Replies from: niplav
comment by niplav · 2023-06-28T06:39:26.533Z · LW(p) · GW(p)

That's a good point. I have, but shelved them for sometime later™. If it were true that withdrawal effects are important, you'd expect the difference in placebo-caffeine scores to drop as the experiment progresses, but I haven't checked yet.

Replies from: Korz
comment by Mart_Korz (Korz) · 2023-06-28T15:28:51.339Z · LW(p) · GW(p)

you'd expect the difference in placebo-caffeine scores to drop

I am not sure about this. I could also imagine that the difference remains similar, but instead the baseline for concentration etc. shifts downwards such that caffeine-days are only as good as the old baseline and placebo-days are worse than the old baseline.

Replies from: niplav
comment by niplav · 2023-06-28T15:35:58.144Z · LW(p) · GW(p)

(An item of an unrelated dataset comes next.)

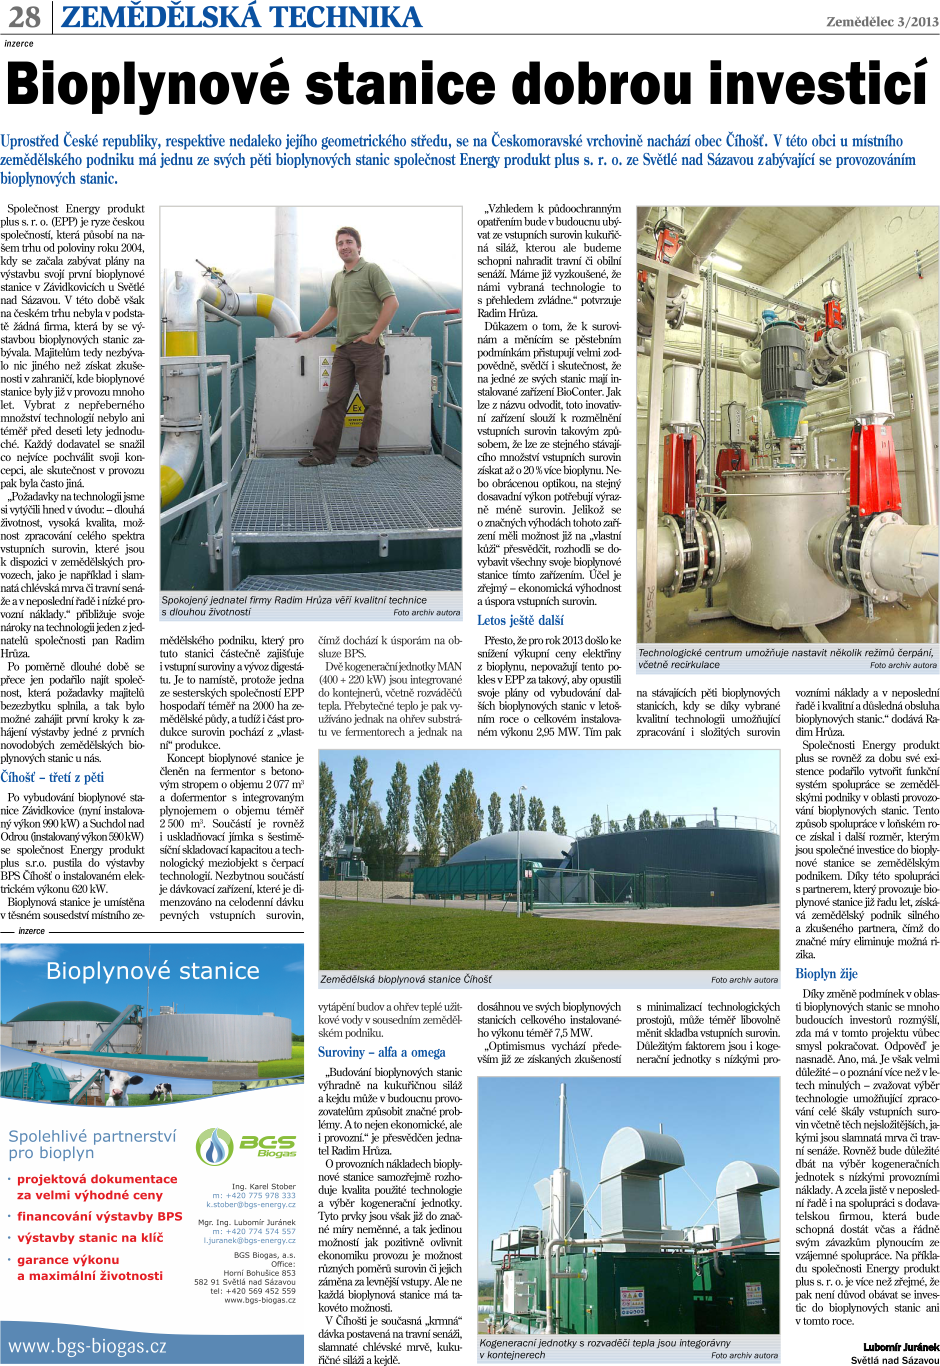 BGS-Biogas-Bioplynove-stanice-dobrou-investici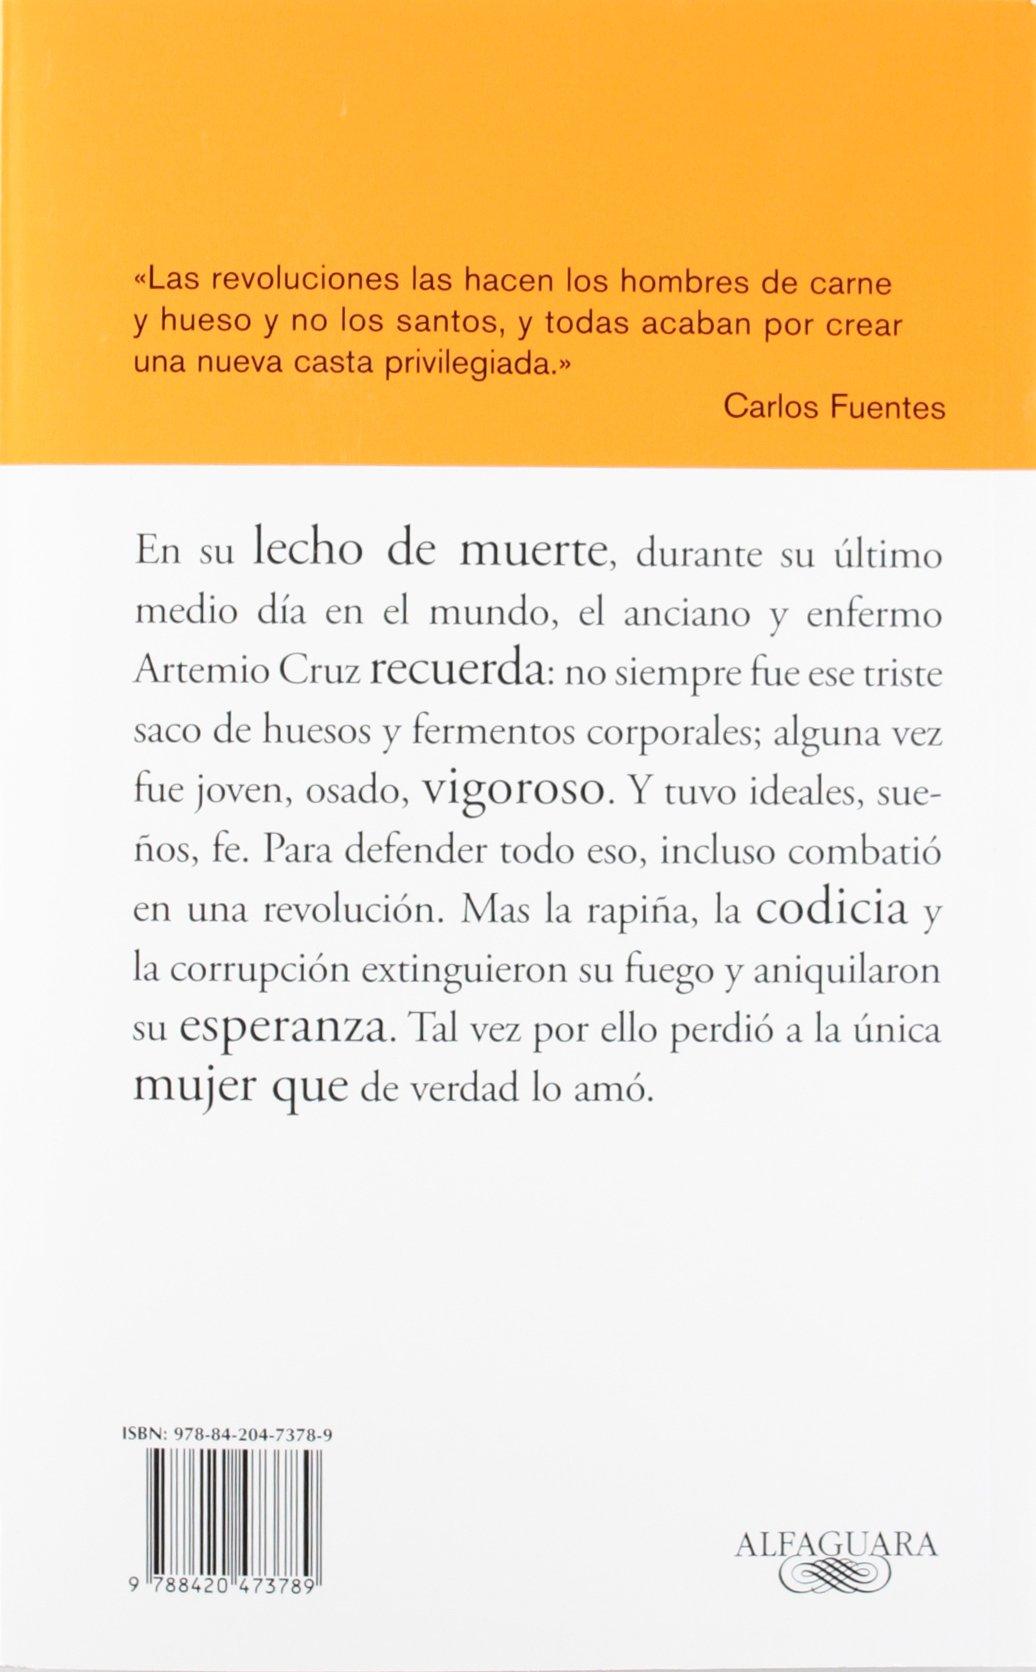 La muerte de Artemio Cruz (BIBLIOTECA CARLOS FUENTES): Amazon.es: Carlos Fuentes: Libros

That's a good point, I'll keep it in mind.

comment by sludgepuddle · 2023-06-28T05:19:35.639Z · LW(p) · GW(p)

I'm surprised you were only able to predict whether you'd taken caffeine 80% of the time. 200 mg is not a heroic dose, but on little to no tolerance it should be quite noticeable.

Replies from: niplav
comment by niplav · 2023-06-28T06:41:13.599Z · LW(p) · GW(p)

Blinding is powerful! Not sure where you get 80% from, do you mean the number of times when I was directionally right in the prediction?

Replies from: ben-lang
comment by Ben (ben-lang) · 2023-06-28T15:17:02.700Z · LW(p) · GW(p)

I think they mean that beforehand you said "My prediction about the content of the pill is more accurate than random guesses80%" - meaning that you were 80% sure you would do better than a 50/50 guess of what type of pill it was throughout the trial. Then you found that you did indeed do better than 50/50, but didn't give a number and I think sludgepuddle thought you had guessed right 80% of the time.

Replies from: niplav
comment by niplav · 2023-06-28T15:22:26.216Z · LW(p) · GW(p)

Ah, I see. In the table is the log score of my pill predictions (-0.6). I made predictions about the accuracy of my predictions—confusing perhaps.

Replies from: Korz
comment by Mart_Korz (Korz) · 2023-06-28T15:49:28.864Z · LW(p) · GW(p)

log score of my pill predictions (-0.6)

If did not make a mistake, this score could be achieved by e.g. giving ~55% probabilities and being correct every time or by always giving 70% probabilities and being right ~69 % of the time.